Australian rugby league football club

The Canberra Raiders Women is an Australian professional rugby league football club based in the national capital city of Canberra, Australian Capital Territory. They compete in the National Rugby League Women's Premiership (NRLW), Australasia's premier rugby league competition for female players. The Raiders were admitted to the NRLW in June 2022 to commence in the 2023 NRL Women's season.

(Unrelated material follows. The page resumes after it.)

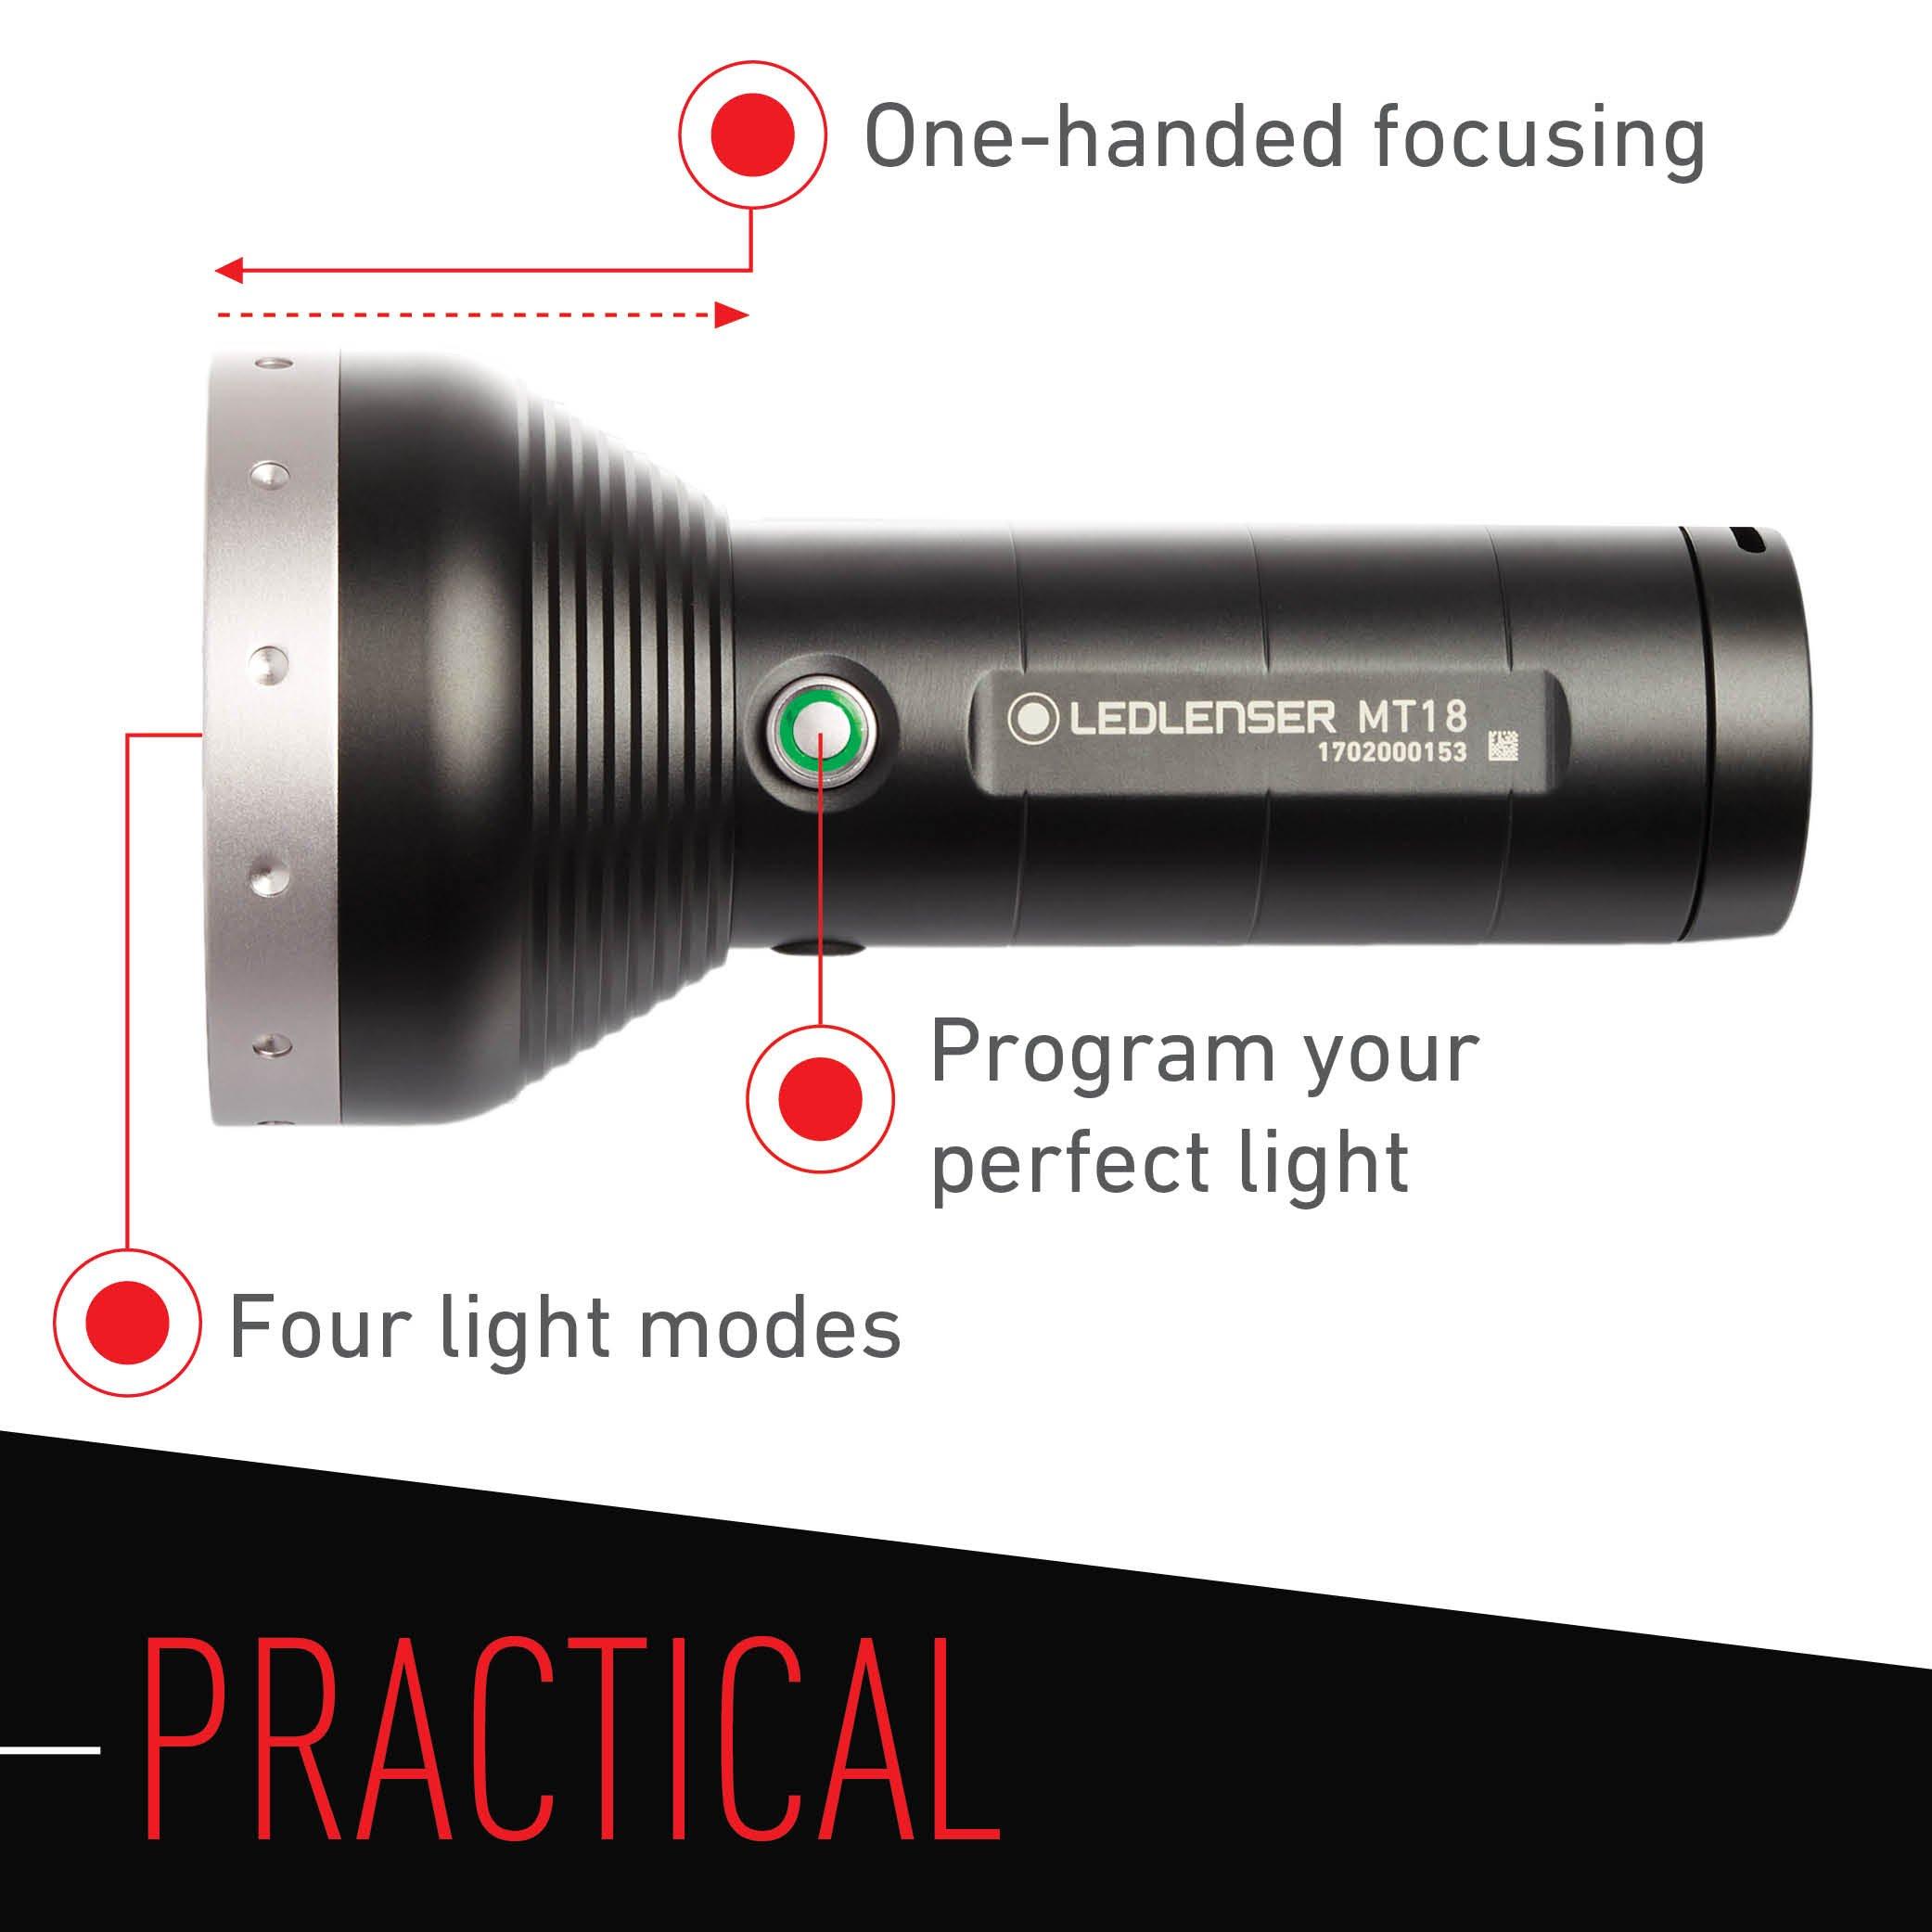 Led Lenser - 3000 Lumens, MT18 Flashlight with Rapid Focus System by LED Lenser (Image #4)

The Raiders' home ground is Canberra Stadium (GIO Stadium) in Bruce, Australian Capital Territory. The official symbol for the Canberra Raiders Women is the same as the men’s team, which is the Viking.

== Seasons ==

| Season | Regular season |  |  |  |  |  |  |  | Finals |  | Ref |
| P | W | D | L | F | A | Pts | Pos | Top | Placing |
| 2023 | 9 | 5 | 0 | 4 | 173 | 206 | 10 | 5th | 4 | — |  |
| 2024 | 9 | 3 | 0 | 6 | 194 | 216 | 6 | 7th | 4 | — |  |
| 2025 | 11 | 3 | 0 | 8 | 183 | 325 | 6 | 11th | 6 | — |  |
| 2026 | 11 | 6 | 0 | 5 | 265 | 161 | 12 | 5th | 6 | Preliminary finalist |  |

=== 2026 Draw ===
The draw for the 2026 season was announced on 14 November 2025.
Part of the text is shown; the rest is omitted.